SUPPLIED INFORMATION:

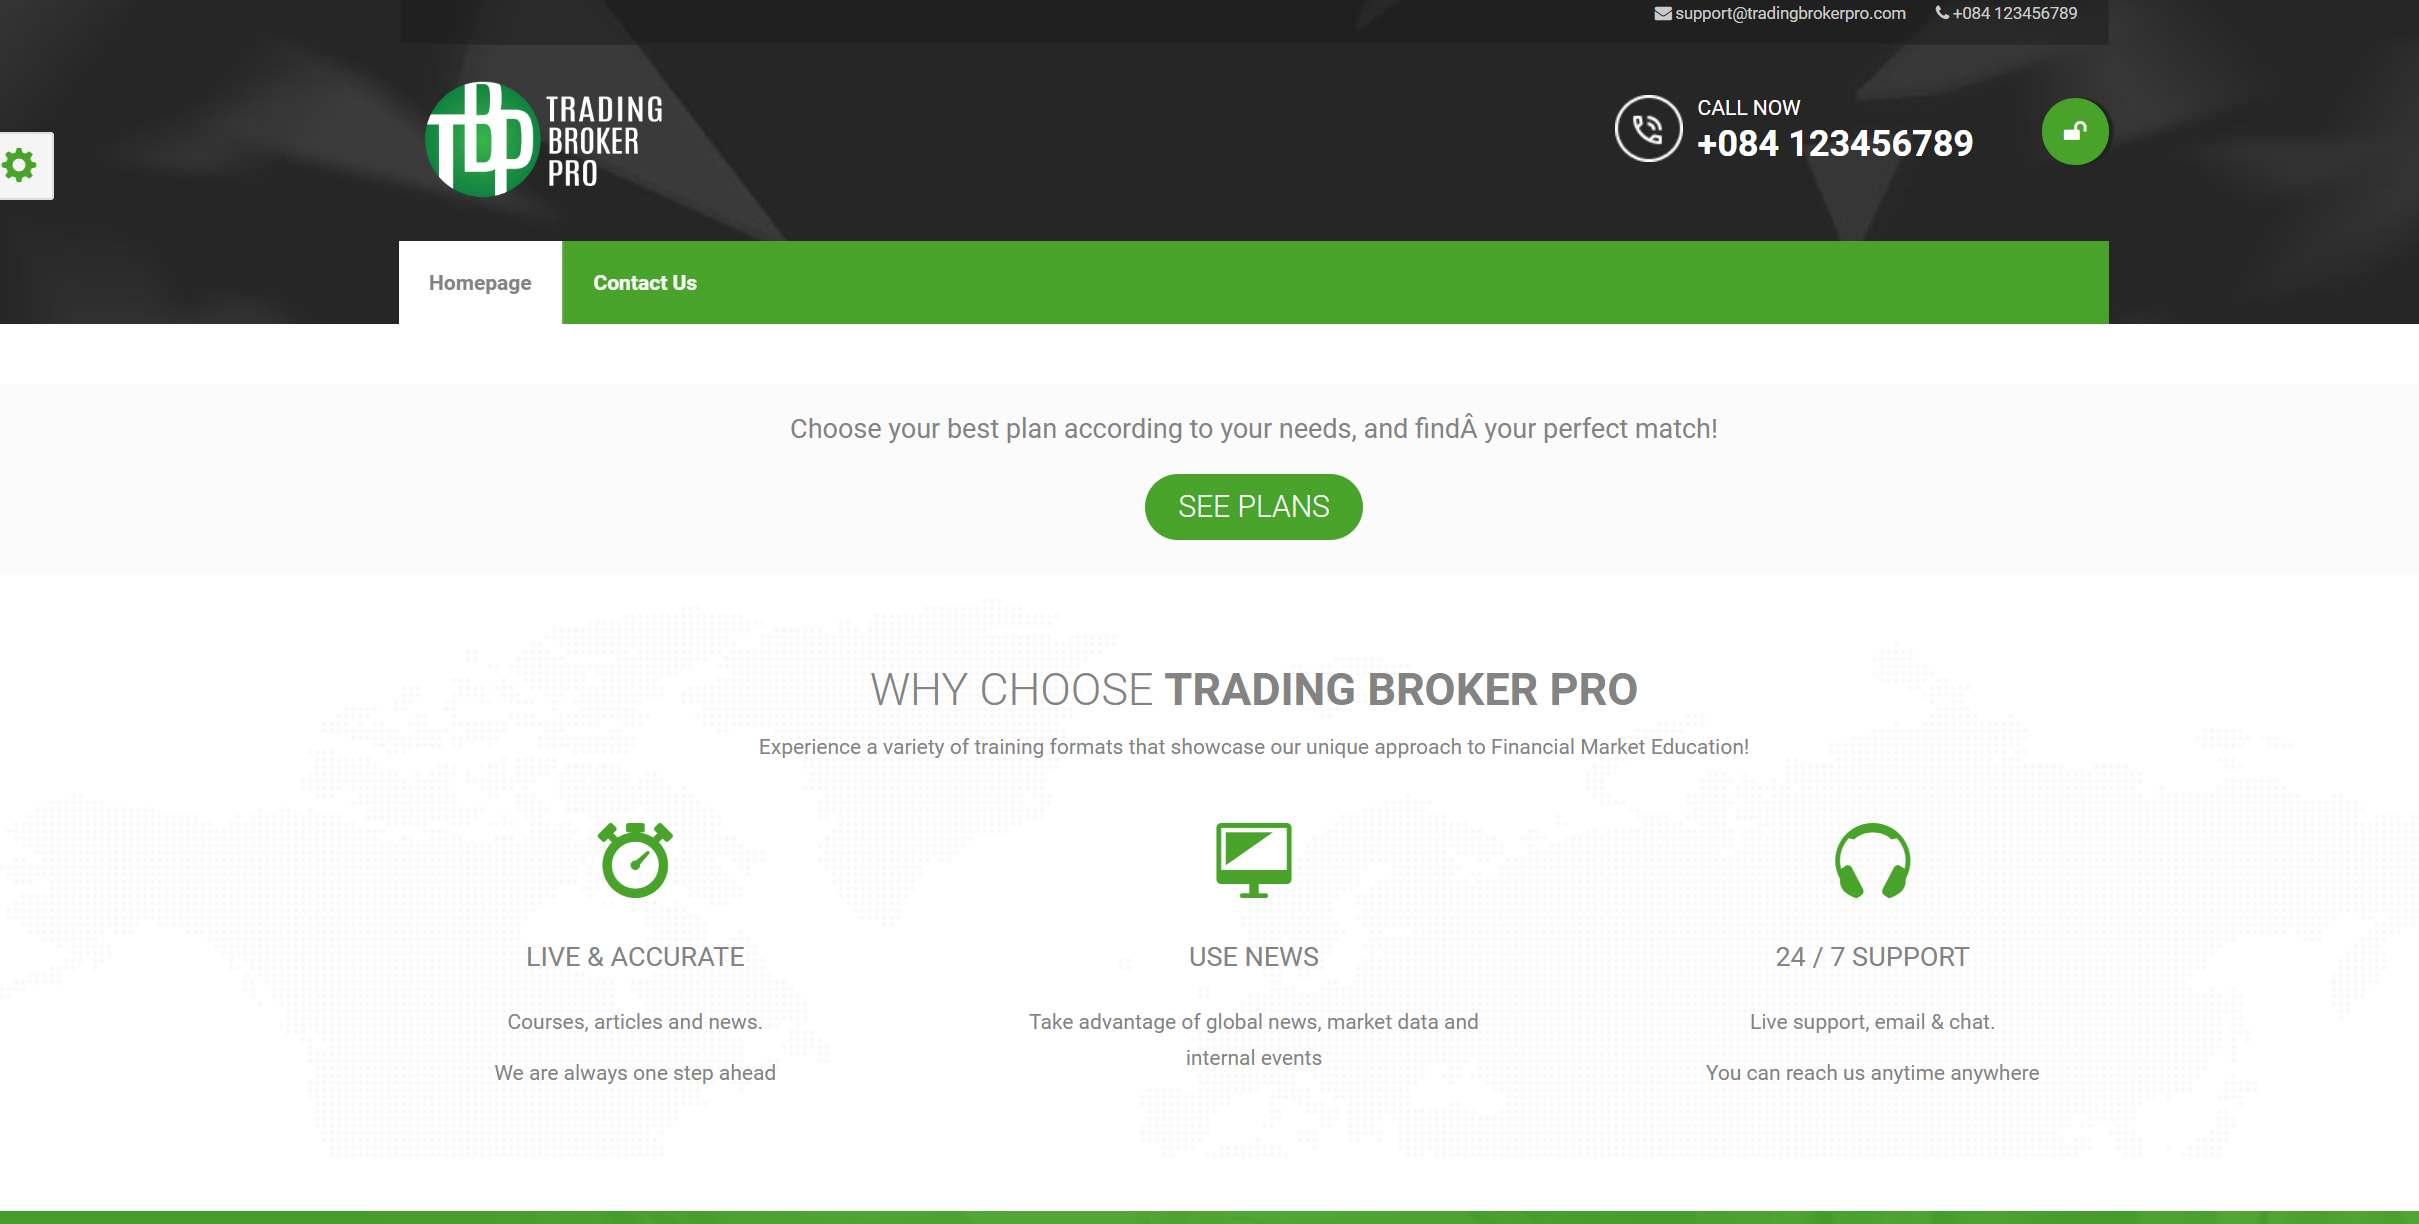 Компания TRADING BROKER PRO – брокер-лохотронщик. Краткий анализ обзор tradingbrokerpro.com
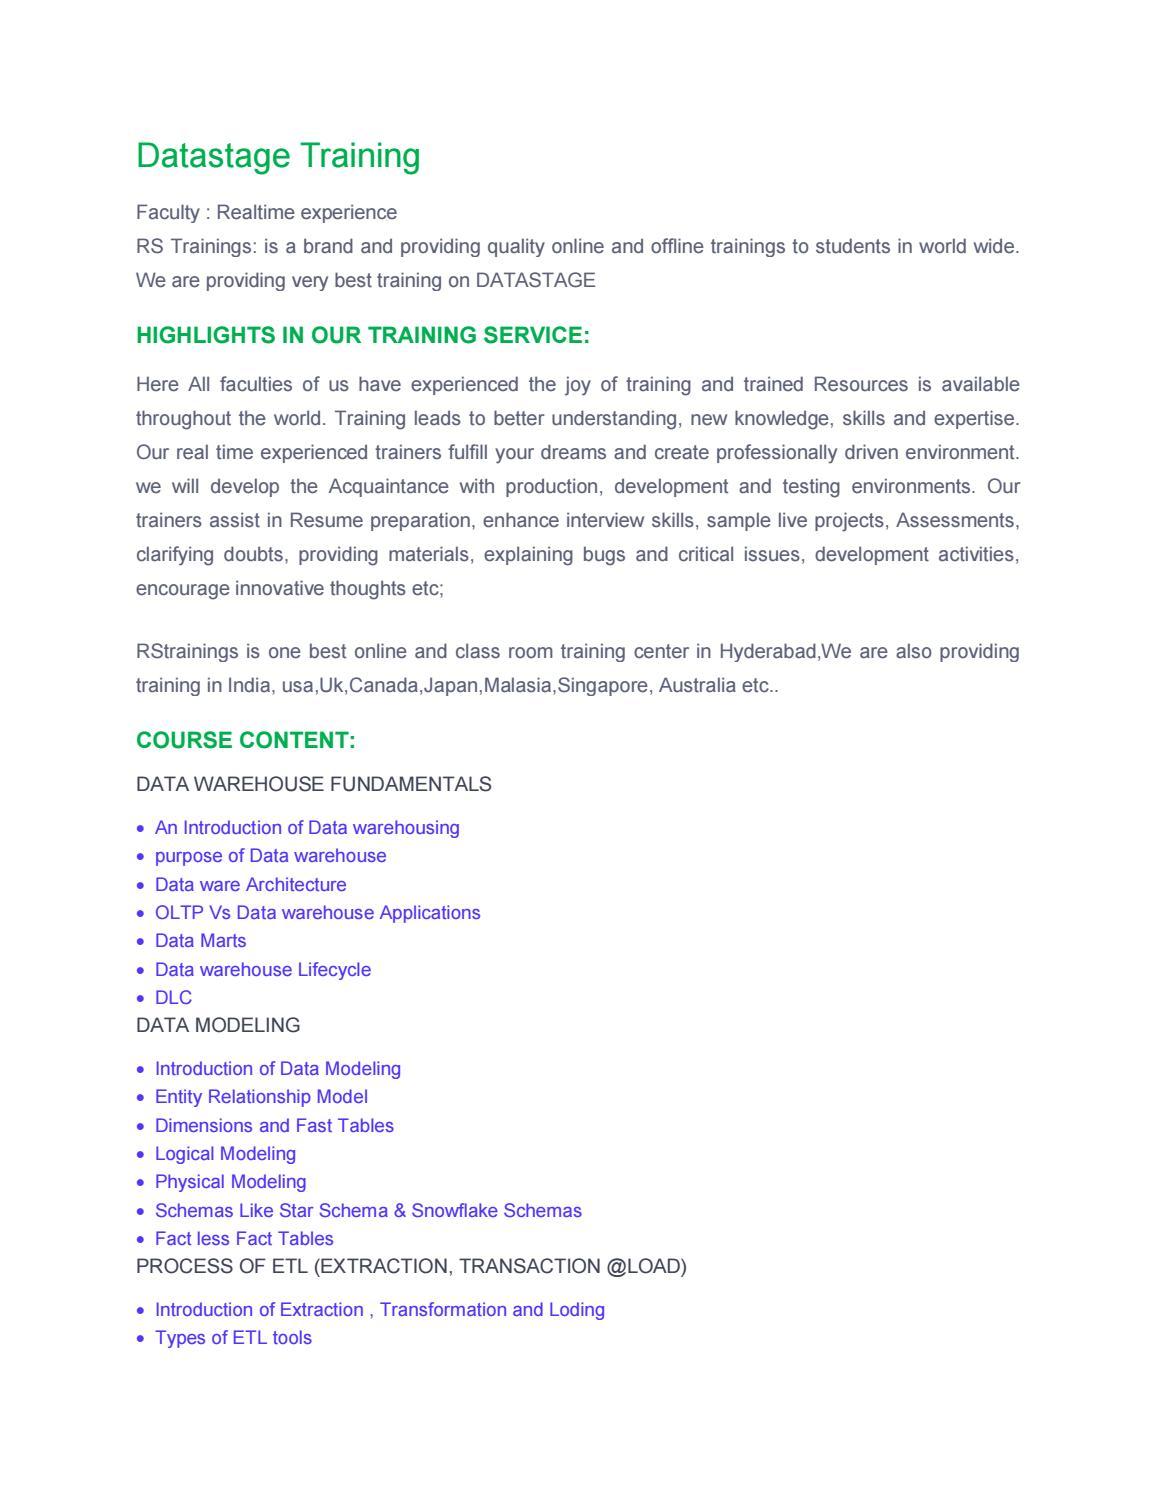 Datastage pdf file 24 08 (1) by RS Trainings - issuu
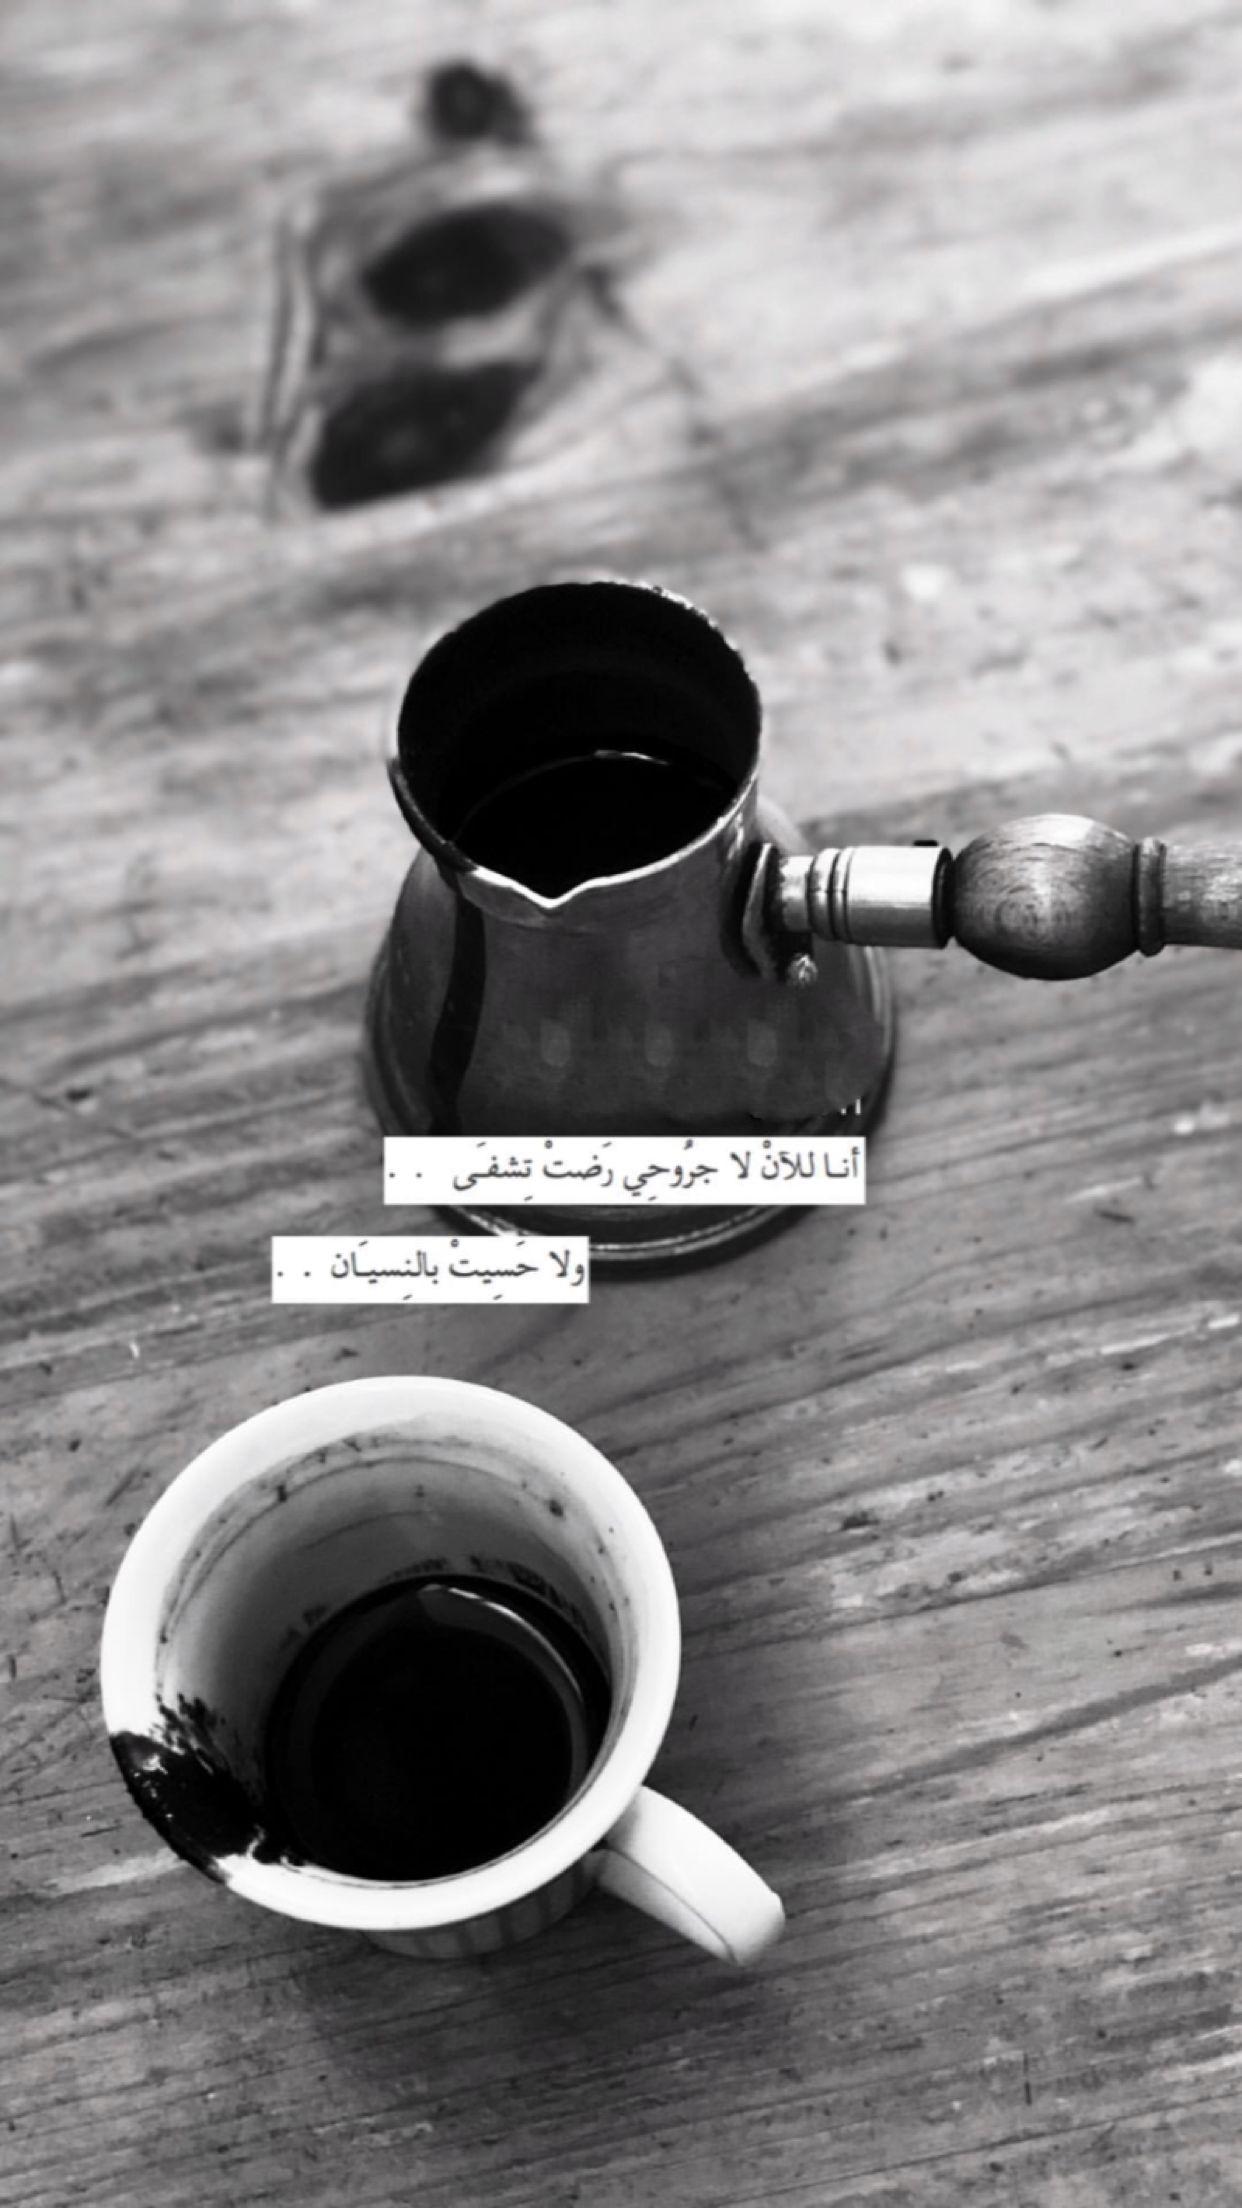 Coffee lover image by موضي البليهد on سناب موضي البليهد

TASK BRIEF:
Print the listing word for word, but omit the pictures.

FINAL ANSWER:
 Компания TRADING BROKER PRO – брокер-лохотронщик. Краткий анализ обзор tradingbrokerpro.com
 Datastage pdf file 24 08 (1) by RS Trainings - issuu
 Coffee lover image by موضي البليهد on سناب موضي البليهد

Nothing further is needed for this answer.